Ian Reyes

2papers

2 Papers

CVFeb 28, 2023
Towards Surgical Context Inference and Translation to Gestures

Kay Hutchinson, Zongyu Li, Ian Reyes et al.

Manual labeling of gestures in robot-assisted surgery is labor intensive, prone to errors, and requires expertise or training. We propose a method for automated and explainable generation of gesture transcripts that leverages the abundance of data for image segmentation. Surgical context is detected using segmentation masks by examining the distances and intersections between the tools and objects. Next, context labels are translated into gesture transcripts using knowledge-based Finite State Machine (FSM) and data-driven Long Short Term Memory (LSTM) models. We evaluate the performance of each stage of our method by comparing the results with the ground truth segmentation masks, the consensus context labels, and the gesture labels in the JIGSAWS dataset. Our results show that our segmentation models achieve state-of-the-art performance in recognizing needle and thread in Suturing and we can automatically detect important surgical states with high agreement with crowd-sourced labels (e.g., contact between graspers and objects in Suturing).

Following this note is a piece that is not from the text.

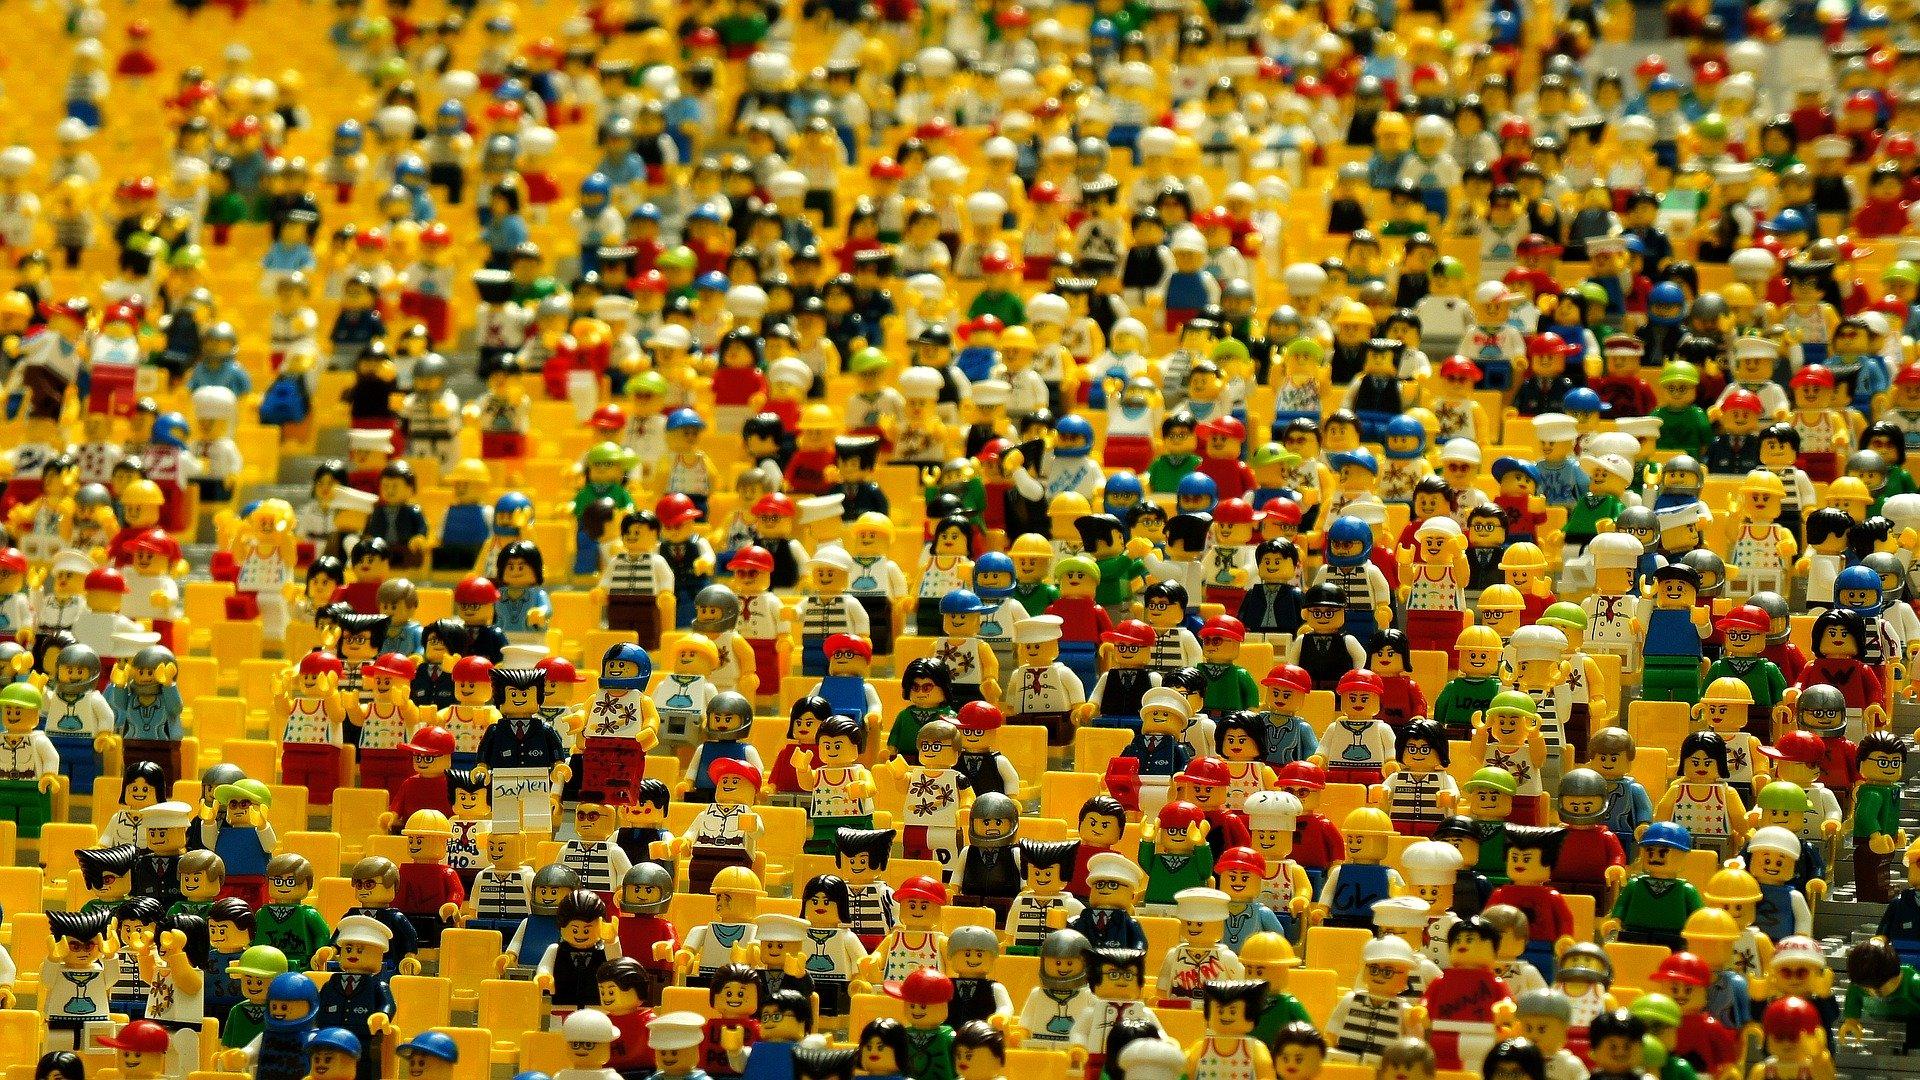 Social Media Reichweite dargestellt durch eine Menge an Lego-Männchen
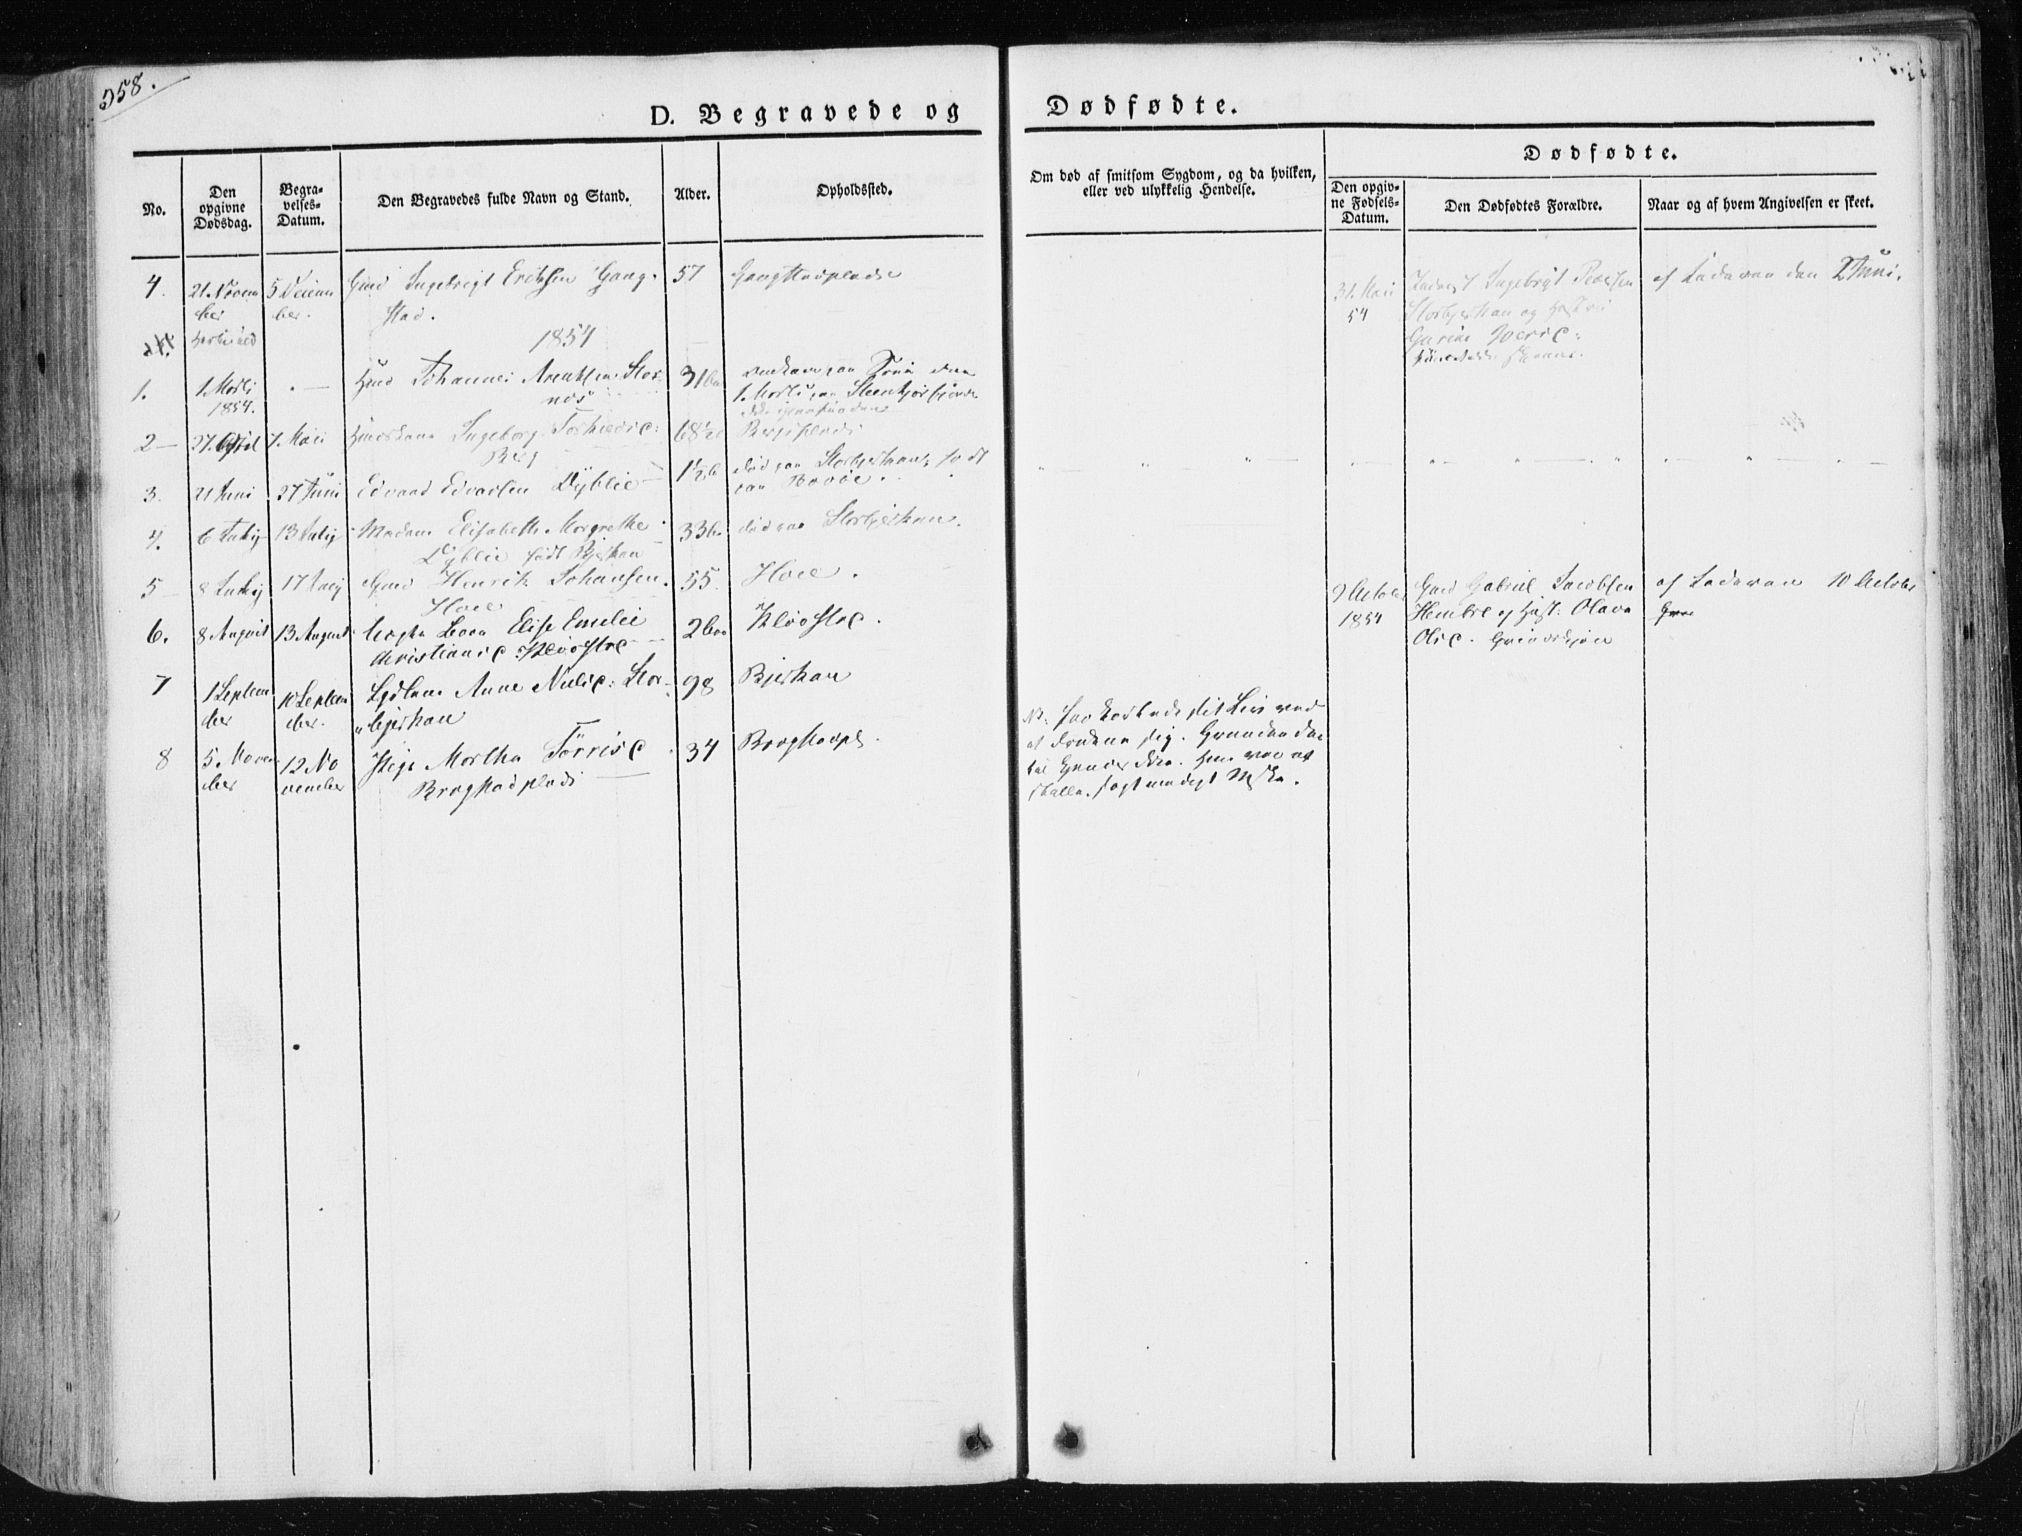 SAT, Ministerialprotokoller, klokkerbøker og fødselsregistre - Nord-Trøndelag, 730/L0280: Ministerialbok nr. 730A07 /3, 1840-1854, s. 358

We also find that the FSM models are more robust to poor segmentation and labeling performance than LSTMs. Our proposed method can significantly shorten the gesture labeling process (~2.8 times).

CVAug 24, 2023
Robotic Scene Segmentation with Memory Network for Runtime Surgical Context Inference

Zongyu Li, Ian Reyes, Homa Alemzadeh

Surgical context inference has recently garnered significant attention in robot-assisted surgery as it can facilitate workflow analysis, skill assessment, and error detection. However, runtime context inference is challenging since it requires timely and accurate detection of the interactions among the tools and objects in the surgical scene based on the segmentation of video data. On the other hand, existing state-of-the-art video segmentation methods are often biased against infrequent classes and fail to provide temporal consistency for segmented masks. This can negatively impact the context inference and accurate detection of critical states. In this study, we propose a solution to these challenges using a Space Time Correspondence Network (STCN). STCN is a memory network that performs binary segmentation and minimizes the effects of class imbalance. The use of a memory bank in STCN allows for the utilization of past image and segmentation information, thereby ensuring consistency of the masks. Our experiments using the publicly available JIGSAWS dataset demonstrate that STCN achieves superior segmentation performance for objects that are difficult to segment, such as needle and thread, and improves context inference compared to the state-of-the-art. We also demonstrate that segmentation and context inference can be performed at runtime without compromising performance.